Dai Wangshu (戴望舒 (Dài Wàngshū, Tai Wang-shu); March 5, 1905 – February 28, 1950), also Tai Van-chou, was a Chinese poet, essayist and translator active from the late 1920s to the end of the 1940s. A native of Hangzhou, Zhejiang, he graduated from the Aurora University, Shanghai in 1926, majoring in French.

He was closely associated with the Shanghai Modernist school, also known as New Sensibility or New Sensation School, a name inspired by the Japanese modernist writer Riichi Yokomitsu. Other members of the group were Mu Shiying, Liu Na'ou, Shi Zhecun, and Du Heng, whose Third Category thesis (that a writer could be on the left but remain independent) Dai defended against the hard line taken by the May Fourth Movement veteran Lu Xun.

== Early life and career ==
Given the birth name Dai Chaocai (Chinese: 戴朝寀; pinyin: Dài Cháocǎi), Dai Wangshu was born in Hangzhou, Zhejiang province. In 1923, he was admitted as a student into Shanghai University. Two years later, he would transfer to Aurora University where he studied French.

In 1929, his first collection of poems entitled "My Memory" (Chinese: 我的记忆) would be published.

Between 1932 and 1935 Dai studied in France at the University of Lyon's Institut Franco-chinois and published several poems in French. He collaborated in translating modern Chinese literature with French writer and academic René Étiemble, and met contemporary French poets such as Jules Supervielle.

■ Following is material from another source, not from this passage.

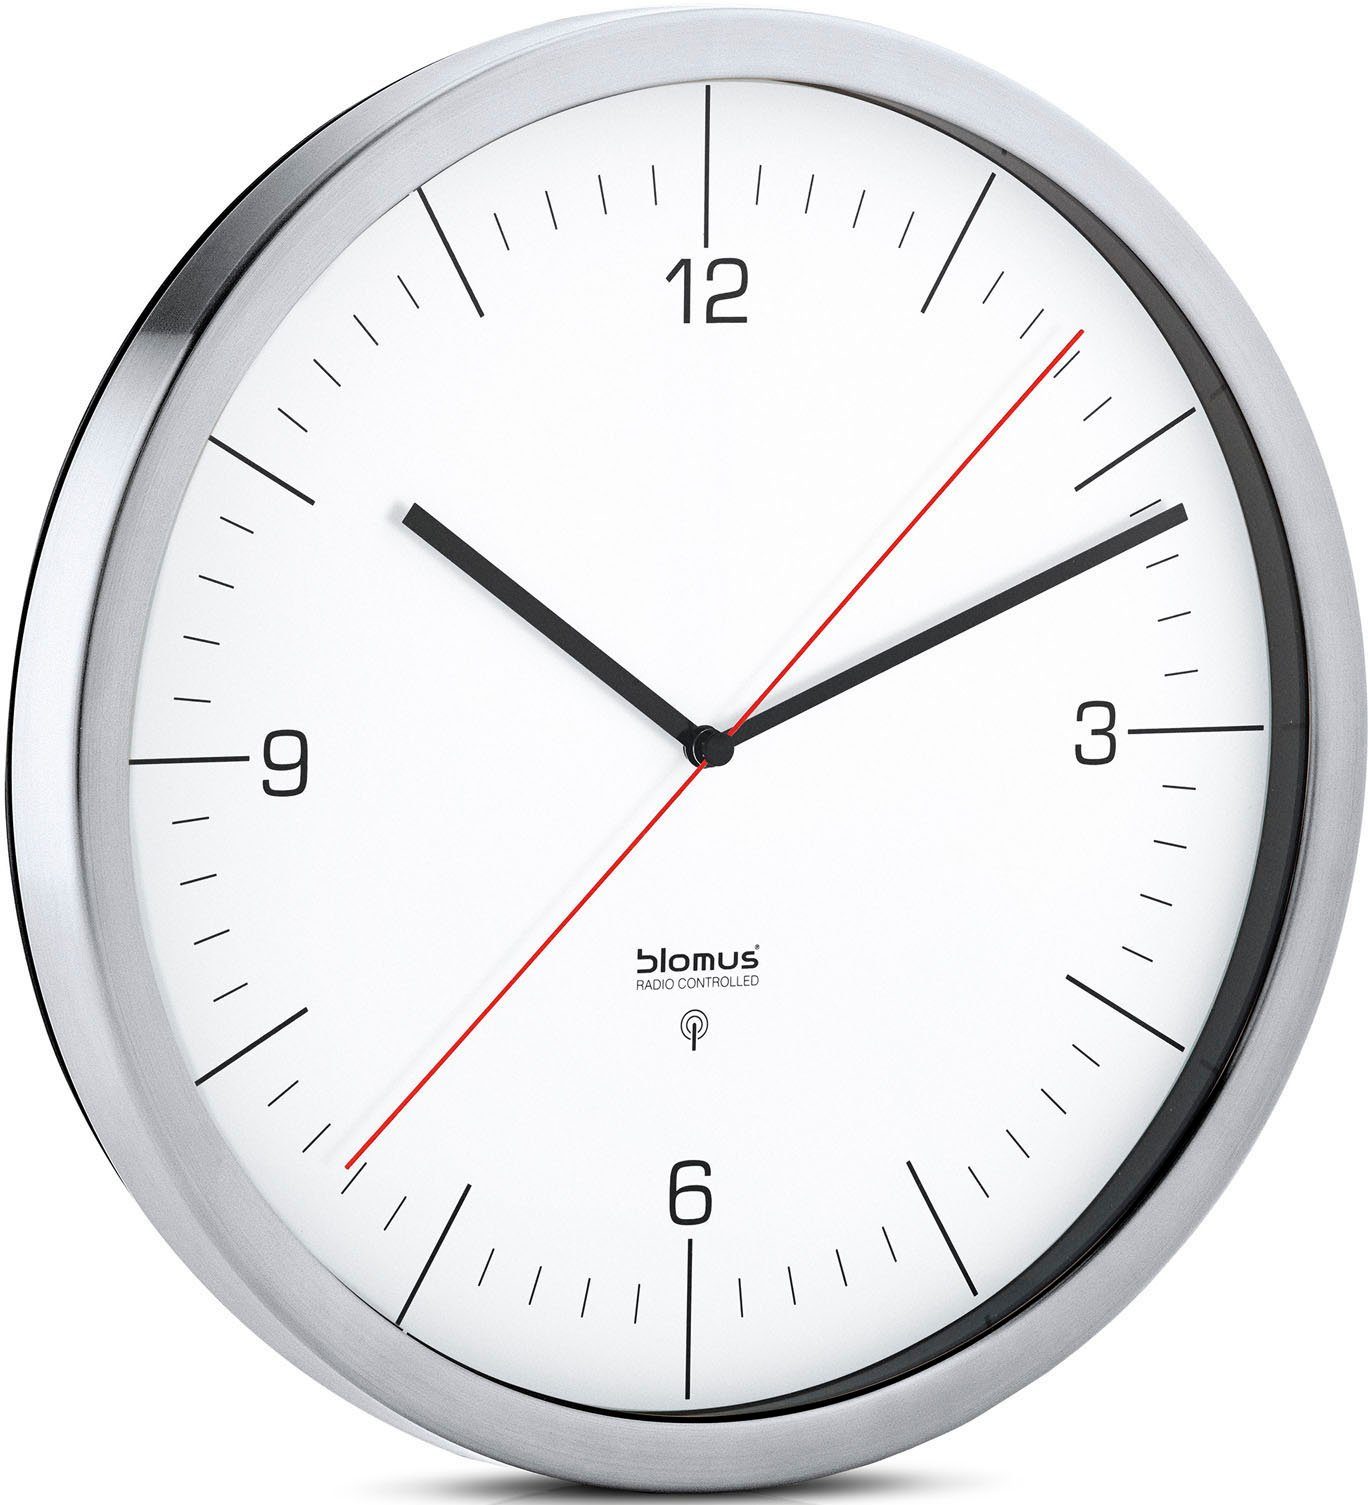 BLOMUS Zendergestuurde wandklok Radiografisch horloge wit de online | OTTO

During the Sino-Japanese War, Dai worked in Hong Kong as a newspaper editor. He was arrested and put into jail for several months during the Japanese occupation of Hong Kong. During this period Dai developed acute asthma. After the war, he returned to Shanghai and then Beijing, and died there having accidentally overdosed on the ephedrine he took to control his asthma.

== Poetic influences and translations ==
His early poetry has numerous intertextual links with the French Neo-symbolist poetry of Paul Fort and, in particular, Francis Jammes. Yet many references to pre-modern Tang Chinese lyric texts can also be discerned in his early poems. Some scholars have assumed that this "symbolist influence" came from more well-known French poets such as Verlaine and Baudelaire. However, while Dai Wangshu and other poets in China knew Verlaine's work through the versions of the English symbolist Ernest Dowson, there is no evidence of an early close inter-textual relationship with Baudelaire.

In the late 1940s, when he had returned from Europe and shifted from Neo-symbolism to a more generally modernist style (that drew also on Daoist texts), Dai translated Baudelaire's Les Fleurs du mal into Chinese. Dai, who had visited Spain before the Spanish Civil War, was the first to translate the poetry of Federico García Lorca and Pedro Salinas into Chinese.